Councilor Bednarz called a halt at 5:50.  (Chair-for-the-meeting Peterson had left by then.)  He wanted some "idea where we're headed", that it was 41 days until the next meeting, and he "wanted some action tonight", or "at least homework" for the task force members.  He did not get either. 
Councilor Bednarz

Co-Chair Carlson assured him that she and her fellow Co-Chairs would be debriefing this meeting and planning future meetings, and would be happy to receive his input.  She told the Statesman Journal that they might be able to start looking at recommendations by the third or fourth meeting.

A total of eight meetings remain within which the task force is scheduled to complete its work: March 29, May 2, June 6, July 20, September 19, October 17, November 17 and December 1. 

1 comment:

  1. A comment received shortly after publication by email (name withheld in the absence of permission to divulge):

    "You painted a very accurate, if depressing, picture of the meeting. I especially liked the "as the oxygen left the room" description. "Liked" as in I found it to be a succinct and pinpoint description, not "liked" as in approved of such a sad sad meeting. A little optimistic, though, and lacked sarcasm. My summary (by "anonymous") would have been something along the lines of:

    Commissioner Carlson, via Mayor Peterson, her very own ventriloquist's dummy, brought the meeting to order. (A neat trick, but Commissioner Carlson's lips were moving the whole time.) The assembled group consisted of well-meaning folks who lack the knowledge or experience to be effective in their roles, and lacked any real guidance or idea of what they were doing and what the task force hoped to accomplish. The assembled group members did not have or reach a shared understanding of what the homeless population of Marion and Polk counties encompasses, what the "problem" is that they are trying to solve, or how their work will ultimately "solve" the "homeless" "problem."

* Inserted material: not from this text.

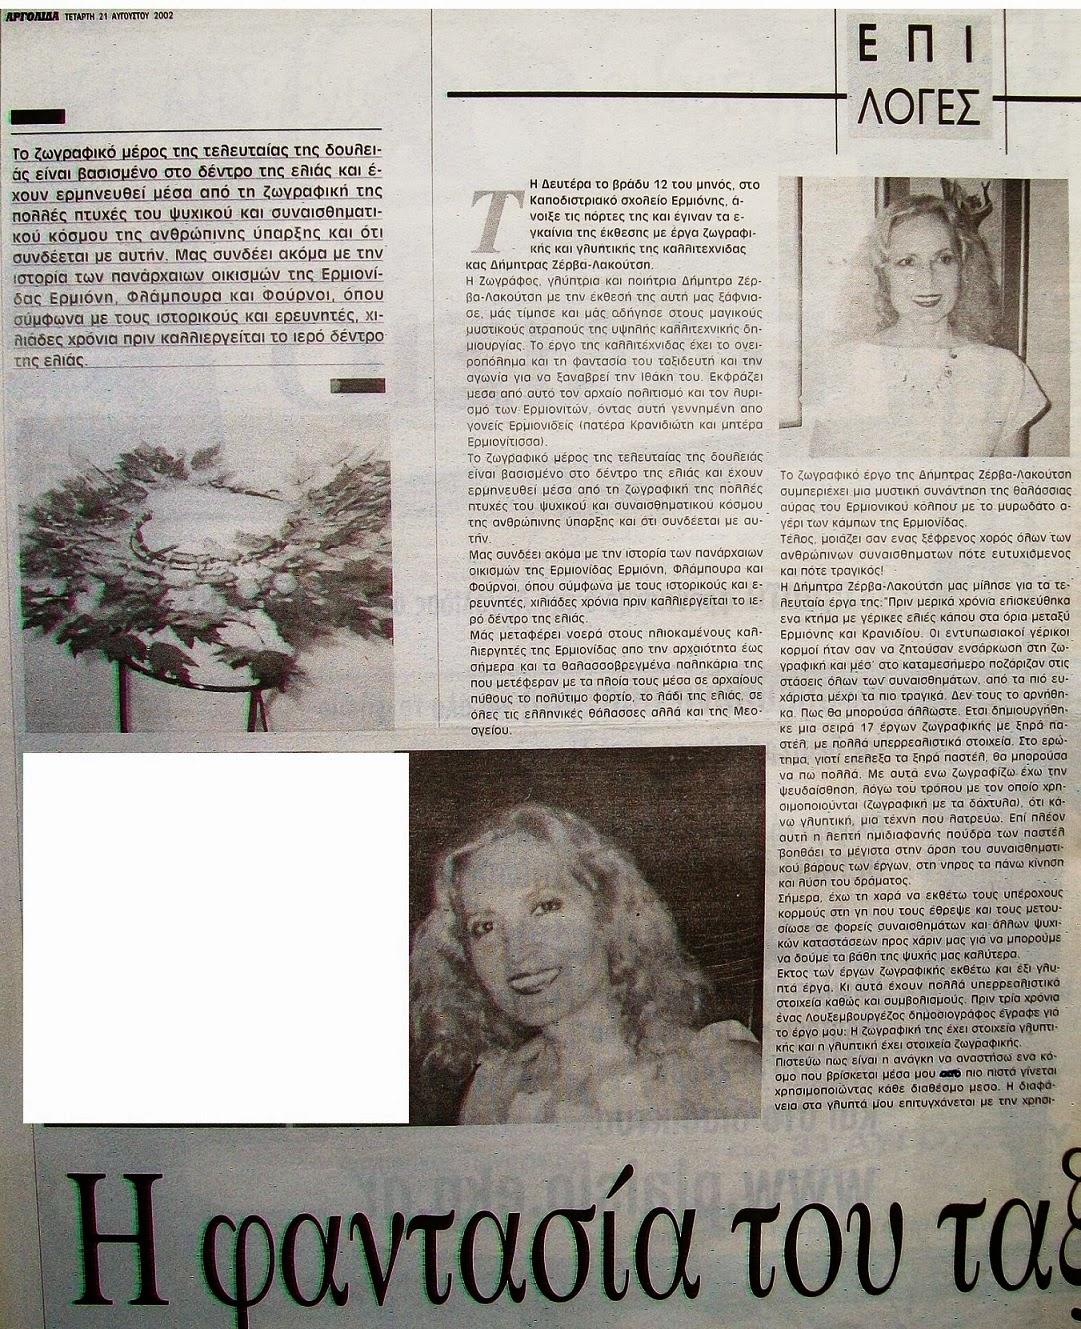 """Η έκθεση της καλλιτέχνιδος Δήμητρας Λακούτση στην Ερμιόνη στην εφημερίδα """"ΑΡΓΟΛΙΔΑ"""" ..."""

    Although many subject matter experts were in the room, and even assembled into panels and prepared to present a wealth of data to the members, the commissioner and mayor talked to each other throughout much of the panelists' presentations and cut the panels off without allowing all of the panelists to have a turn to speak because, having started the meeting late, there was not enough time to listen to everything they had to say. Not that more time would have made much difference - the panelists spoke mostly in unintelligible industry jargon (which few of the members appeared to understand but, nonetheless, barely questioned) four of the task force members missed the meeting entirely, Mayor Peterson left early, and the vast majority of those members present were so ill-prepared for the meeting that they did not have intelligent questions for the panelists or, with the exception of Councilman Bednarz, the wherewithal to question the direction the meeting was taking. And, when he did pose his questions, with only 10 minutes left of the meeting and nothing yet accomplished, his substantive questions went unanswered and the procedural ones received only the barest of Commissioner Carlson's condescending "assurances" that the other co-chairs and herself would address them privately when they met independently of the rest of the task force.

    Again, however, not that it would have made much difference had the councilman's questions been taken seriously rather than dismissed out of hand. The task force failed to include anyone from the affected populations among its membership, failed to even identify among itself what the goal of the group was with respect to the "homeless" "problem," failed to discuss any of the information presented by the panelists, and walked away from the meeting without having been charged with any interim study or activities. What's more, Commissioner Carlson made it clear that the real work of the group and decisions about the direction the group will game, to the extent there will be any, will occur in privately held meetings among the four co-chairs, without input from or participation by the group as a whole.

    In sum, to the observer, the meeting was poorly organized, poorly attended, poorly structured, had no shared goal, and, frankly, was a waste of time for all who attended. Not an auspicious beginning."